Kompas.com - 20/04/2021, 20:05 WIB
Bestari Kumala Dewi

Penulis

KOMPAS.com - Artis Rio Reifan kembali ditangkap di rumahnya di Jalan Otista, Jakarta Timur, pada Senin (19/4/2021) malam. Hal itu dipastikan oleh Kapolres Metro Jakarta Pusat Kombes Hengki Haryadi.

Kabid Humas Polda Metro Jaya Kombes Yusri Yunus juga membenarkan bahwa artis peran Rio Reifan ditangkap kembali terkait kasus dugaan penyalahgunaan dan kepemilikan narkoba. Dari penangkapan ini, Satreskoba Polres Jakarta Pusat menyita barang bukti berupa sabu.

Sebelumnya, Rio Reifan pernah ditangkap pada 8 Januari 2015. Kemudian, pada 13 Agustus 2017 dan pada 14 Agustus 2019. Untuk kasus terakhir, ia baru bebas pada Mei 2020. Semuanya karena kepemilikan dan penyalahgunaan sabu.

Baca juga: Membandingkan Ganja dan Sabu yang Menjerat Para Artis

Dilansir Kompas.com (20/7/2019), dokter adiksi sekaligus peneliti obat-obatan terlarang dari Institute of Mental Health Addiction and Neuroscience (IMAN) Jakarta, Hari Nugroho, mengungkap, ada tiga faktor utama berkaitan dengan pemicu seseorang memakai narkoba sabu.

"Orang menggunakan sabu tentu banyak alasan dan faktornya, baik faktor internal maupun eksternal. Namun, pada dasarnya dikelompokkan menjadi tiga (faktor)," kata Hari saat dihubungi Kompas.com, Sabtu (20/7/2019).

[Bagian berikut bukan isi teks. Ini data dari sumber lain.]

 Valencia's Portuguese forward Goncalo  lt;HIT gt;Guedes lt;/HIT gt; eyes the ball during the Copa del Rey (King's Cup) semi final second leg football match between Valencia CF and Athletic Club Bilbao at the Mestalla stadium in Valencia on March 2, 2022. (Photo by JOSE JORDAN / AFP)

Faktor pertama orang ingin memakai narkoba seperti sabu dan lainnya adalah untuk bersenang-senang atau memunculkan rasa semangat dalam dirinya.

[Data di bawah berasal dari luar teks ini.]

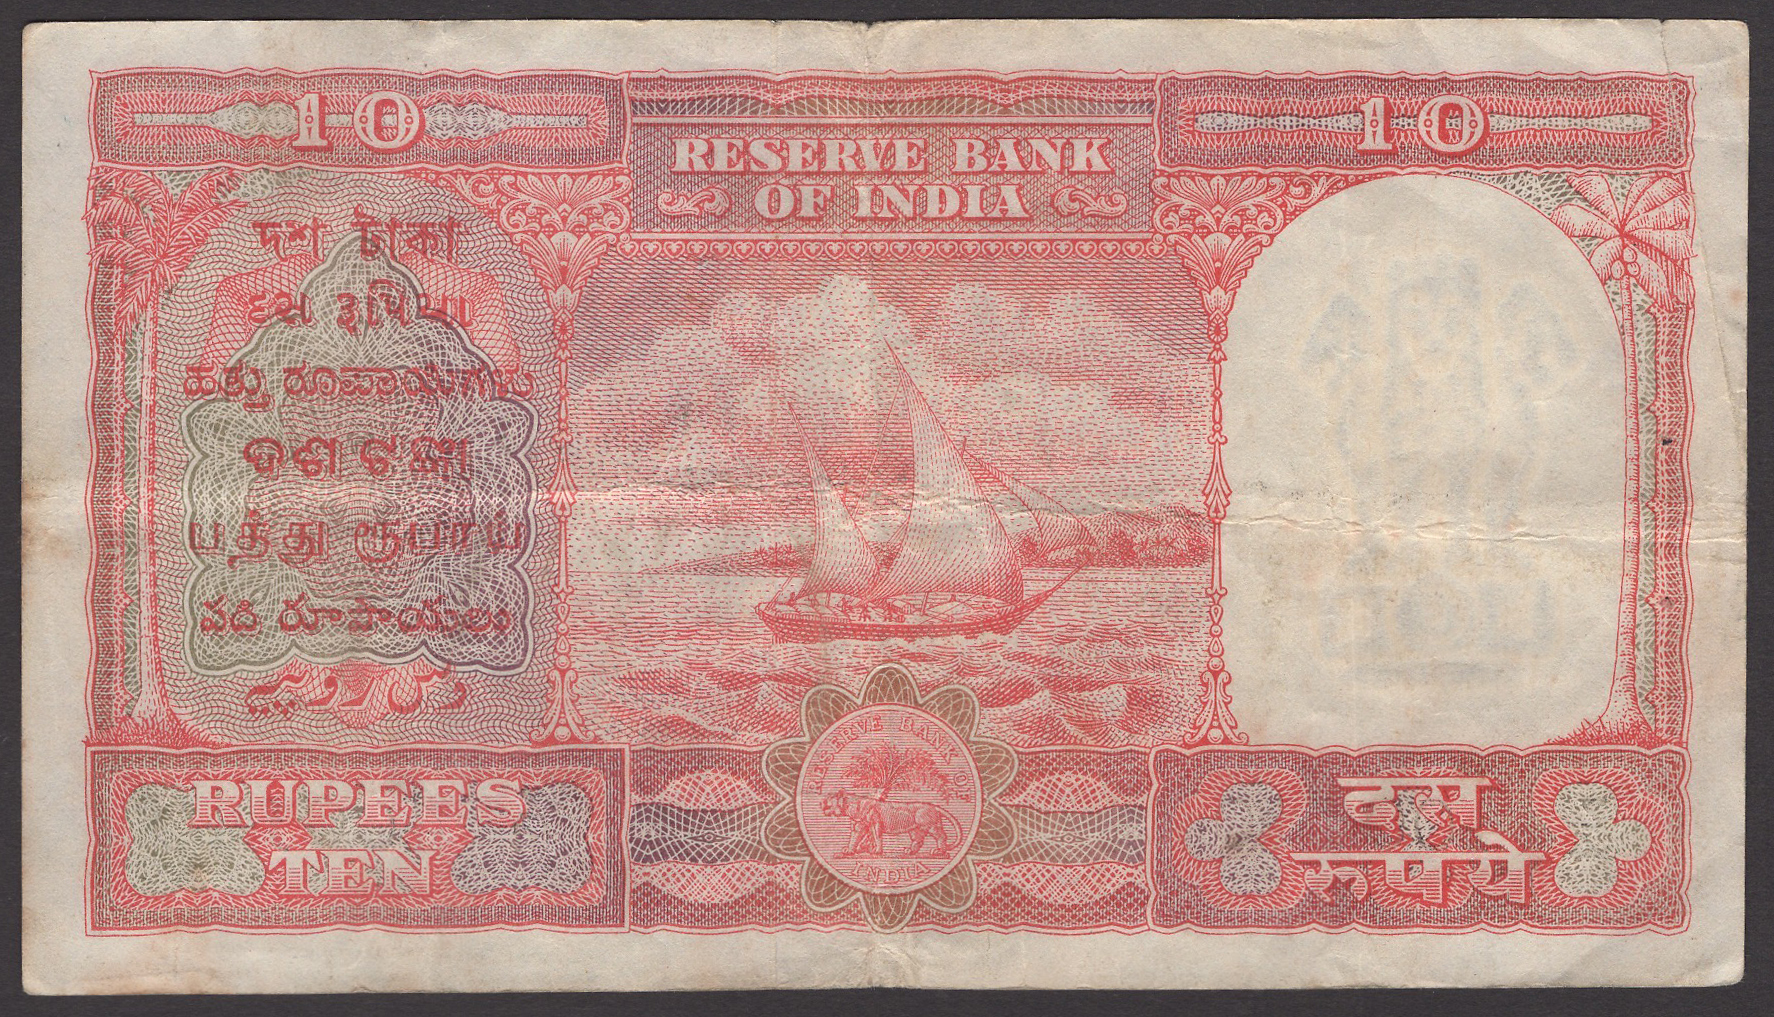 Reserve Bank of India, Persian Gulf Issue, 10 Rupees, ND (1957-62), serial number Z/14... - Image 2 of 2

"Misalnya, (seseorang pakai sabu) supaya kuat melakukan aktivitas sehari-hari dengan penuh semangat tanpa lelah. Ini karena sifat sabu yang stimulan," ujar Hari.

Faktor kedua, untuk mengatasi masalah. Pengguna sabu merasa mampu mengatasi suatu permasalahan dengan lebih baik jika sebelumnya mengonsumsi sabu terlebih dahulu.

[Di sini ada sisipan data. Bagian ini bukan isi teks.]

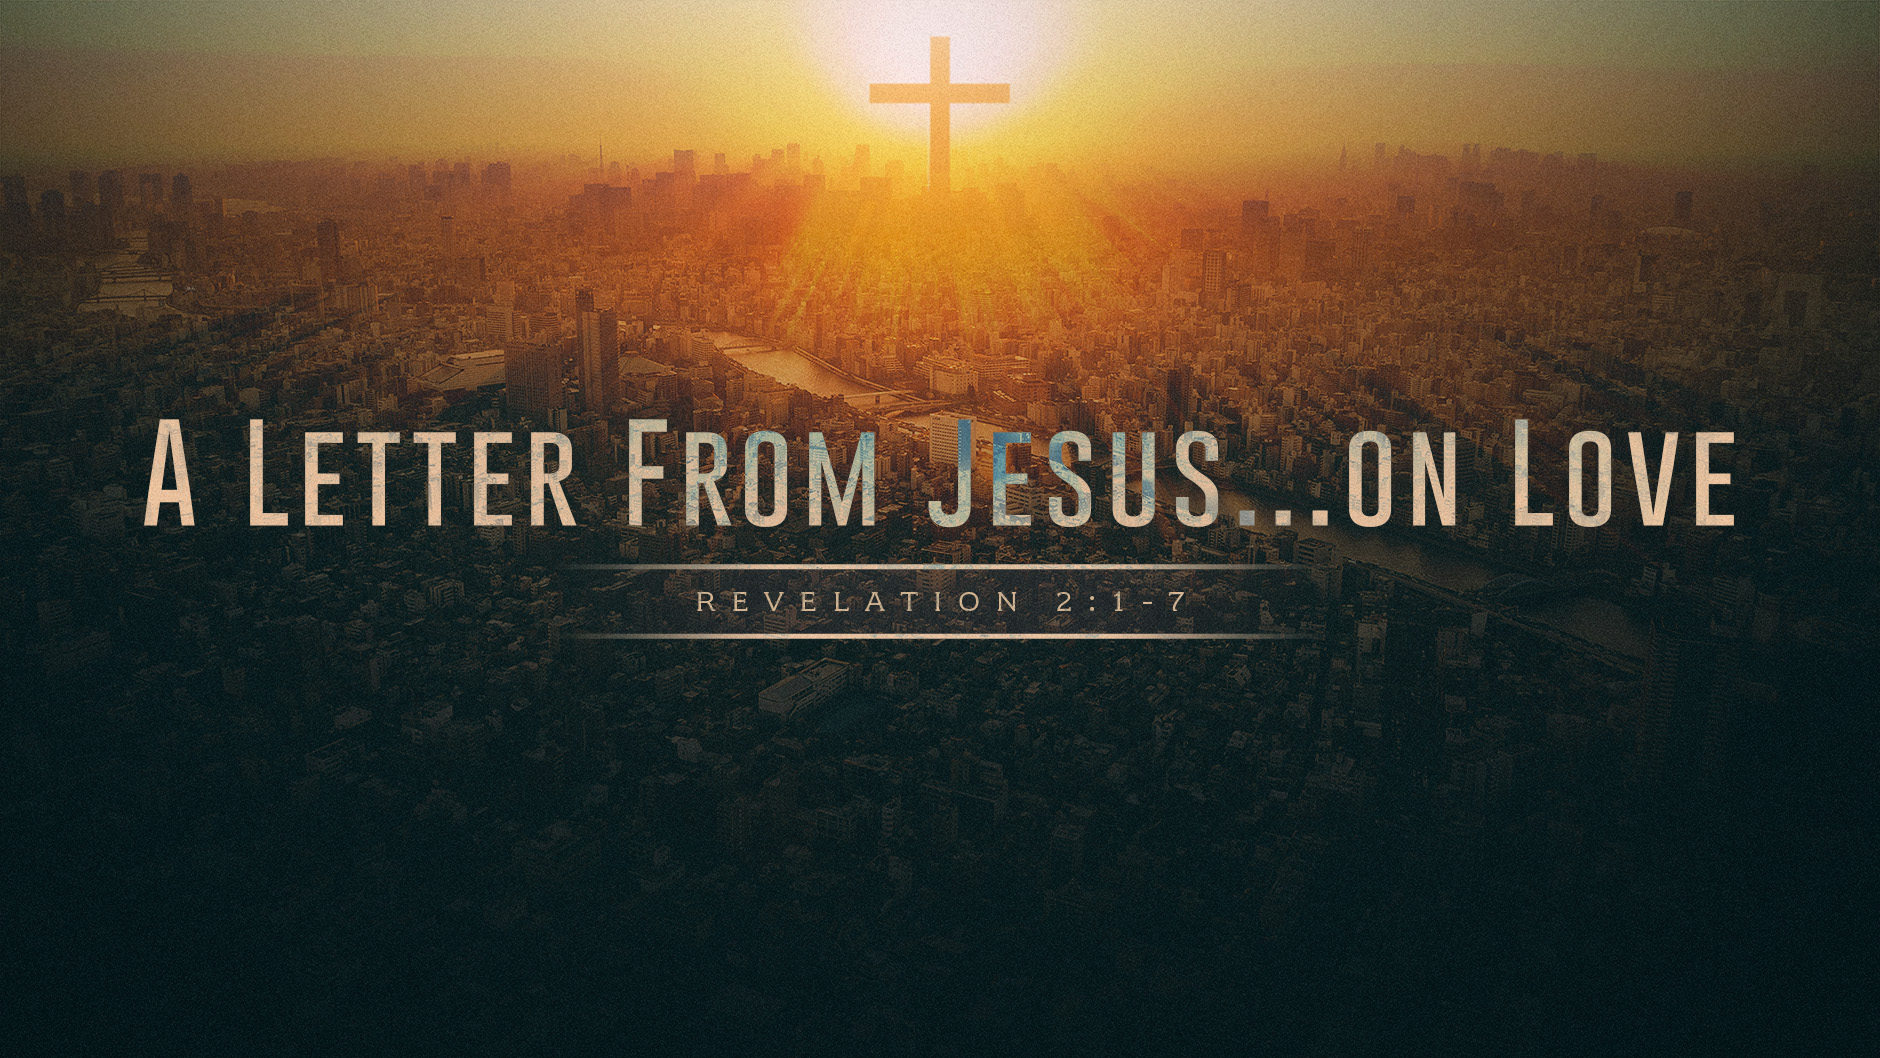 SERMON- A Letter From Jesus on Love

"Misal karena kurang percaya diri, cemas, depresi, merasa terlalu gemuk sehingga ingin menurunkan berat badannya supaya tampil prima, atau tidak percaya diri dengan kemampuan melakukan aktivitas seksual, sehingga menggunakan sabu supaya tahan lama dan lain-lain," kata Hari menambahkan.

Faktor terakhir pemicu memakai sabu adalah rasa penasaran dan tekanan lingkungan. Hari mengatakan, hal ini juga menyumbang angka pengguna sabu.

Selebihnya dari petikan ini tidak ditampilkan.